The records |
################

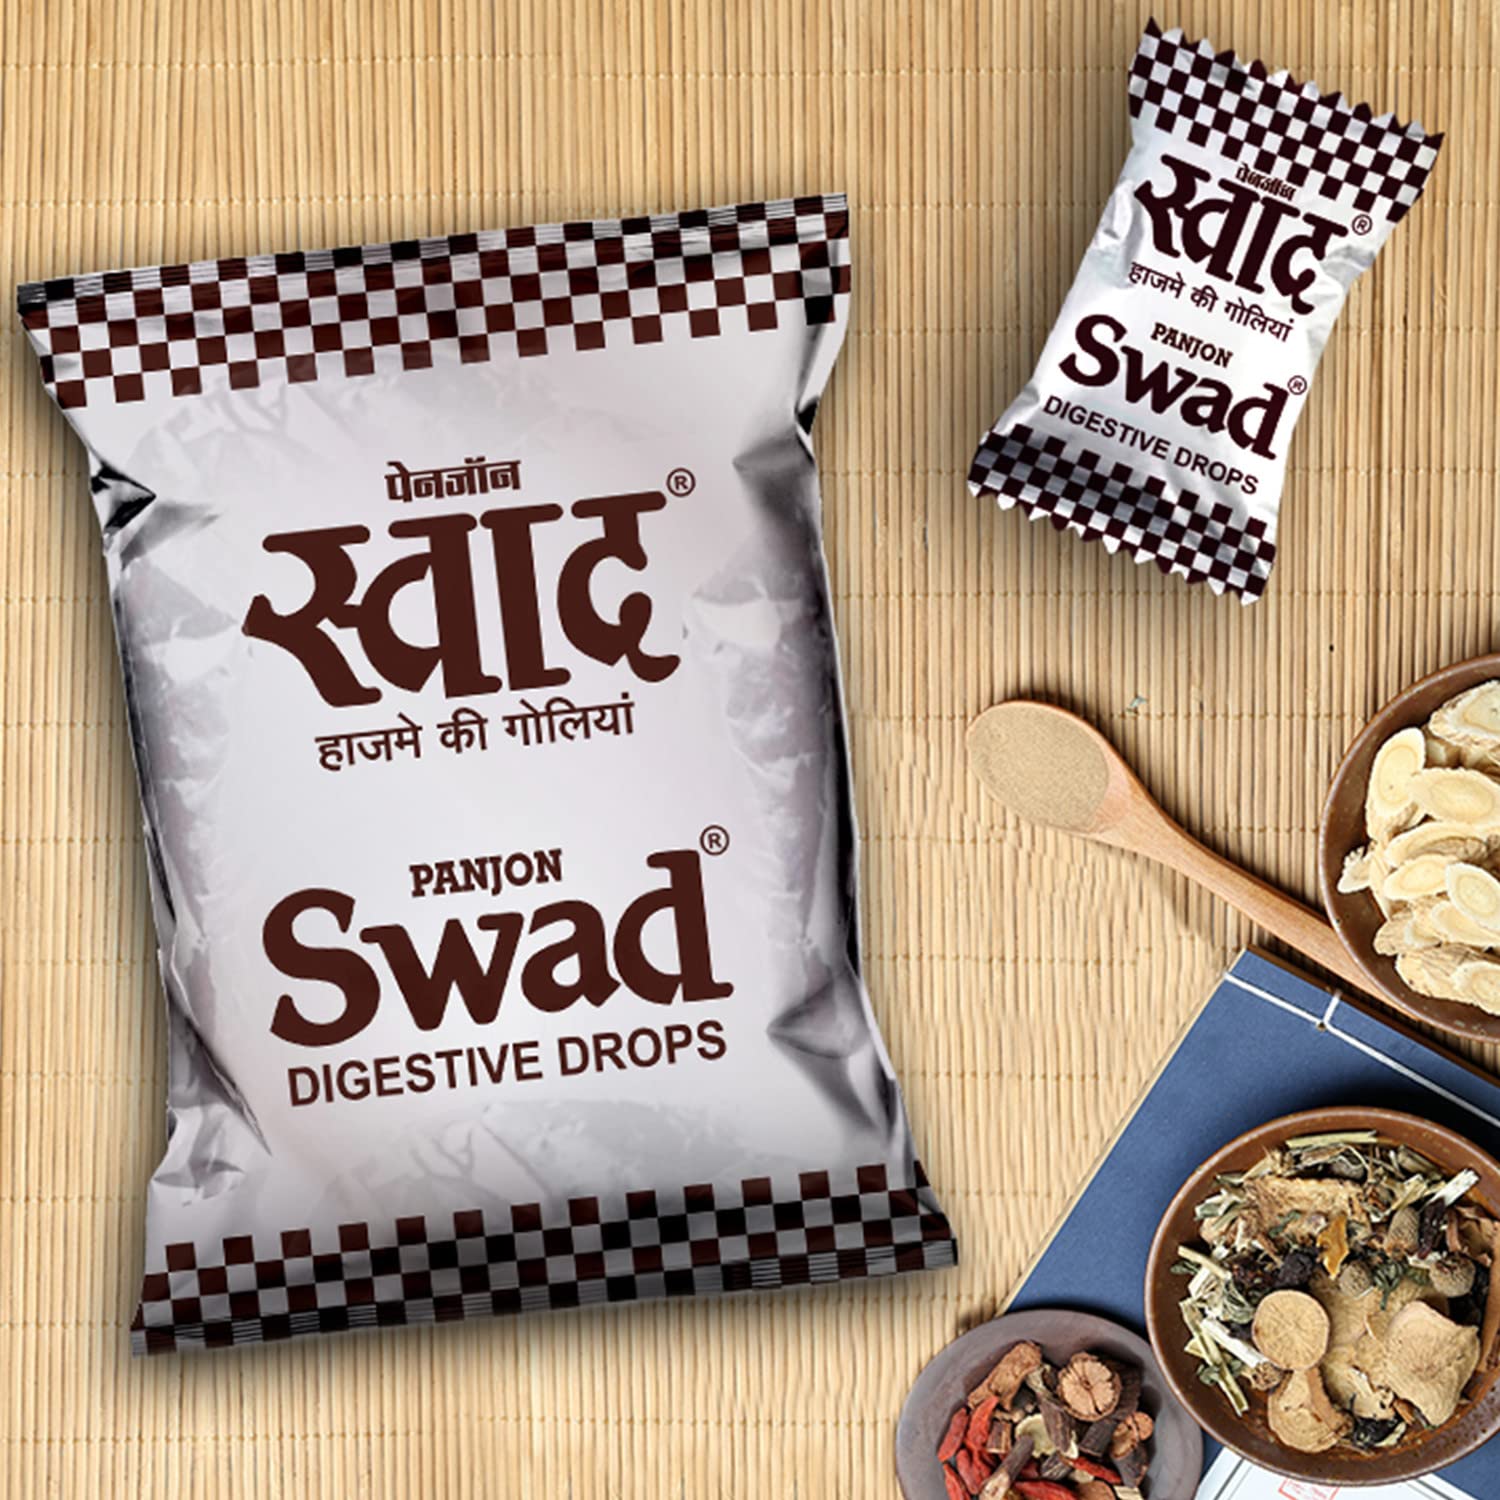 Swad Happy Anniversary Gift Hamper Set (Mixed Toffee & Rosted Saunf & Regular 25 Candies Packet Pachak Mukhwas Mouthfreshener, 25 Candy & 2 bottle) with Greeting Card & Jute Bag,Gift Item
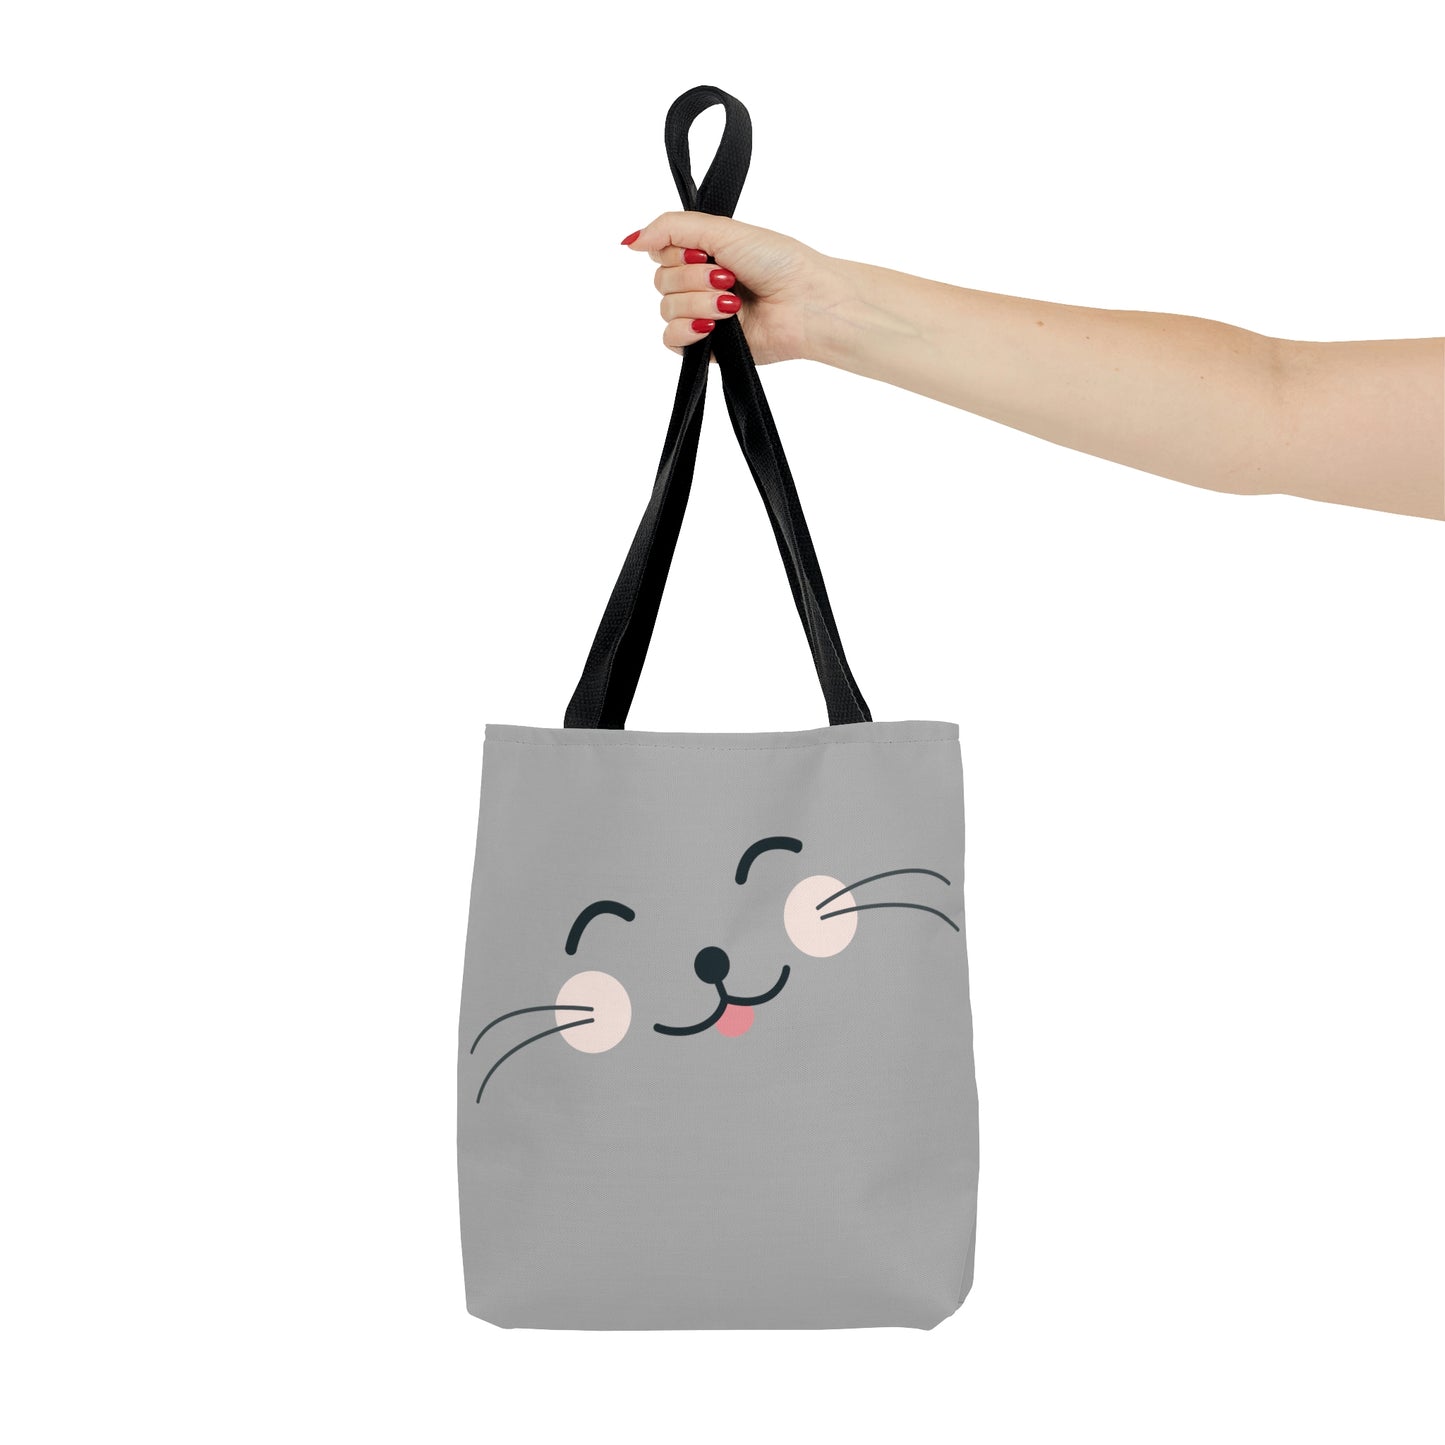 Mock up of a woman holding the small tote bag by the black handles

################

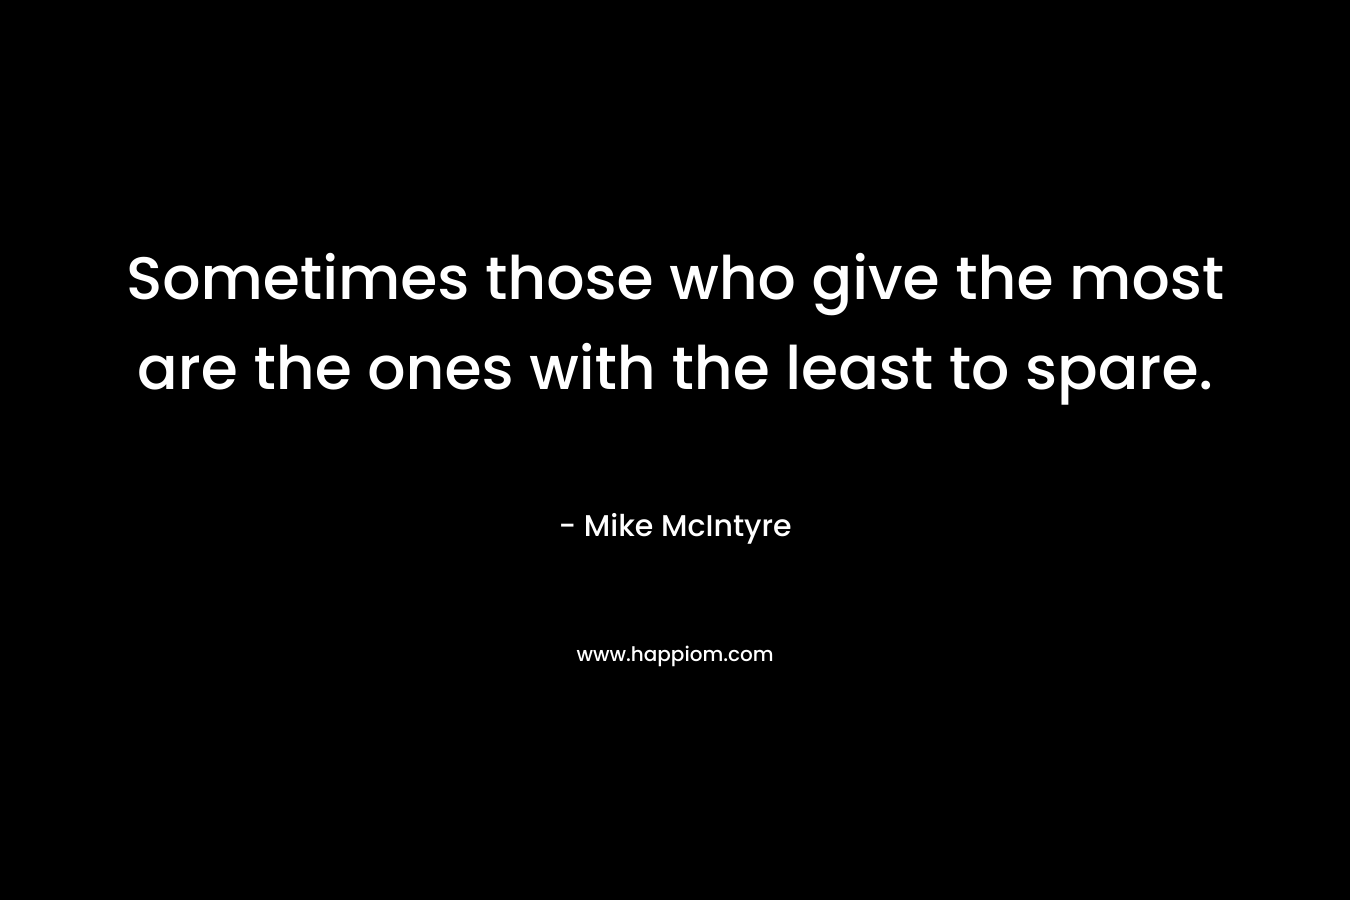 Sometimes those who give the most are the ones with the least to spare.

################

Try it | Take the lines above starting at the one containing "Swad Happy Anniversary" and ending at the one containing "Mock up of a", and print them again exactly, without pictures.

Your solution |
 Swad Happy Anniversary Gift Hamper Set (Mixed Toffee & Rosted Saunf & Regular 25 Candies Packet Pachak Mukhwas Mouthfreshener, 25 Candy & 2 bottle) with Greeting Card & Jute Bag,Gift Item
 Mock up of a woman holding the small tote bag by the black handles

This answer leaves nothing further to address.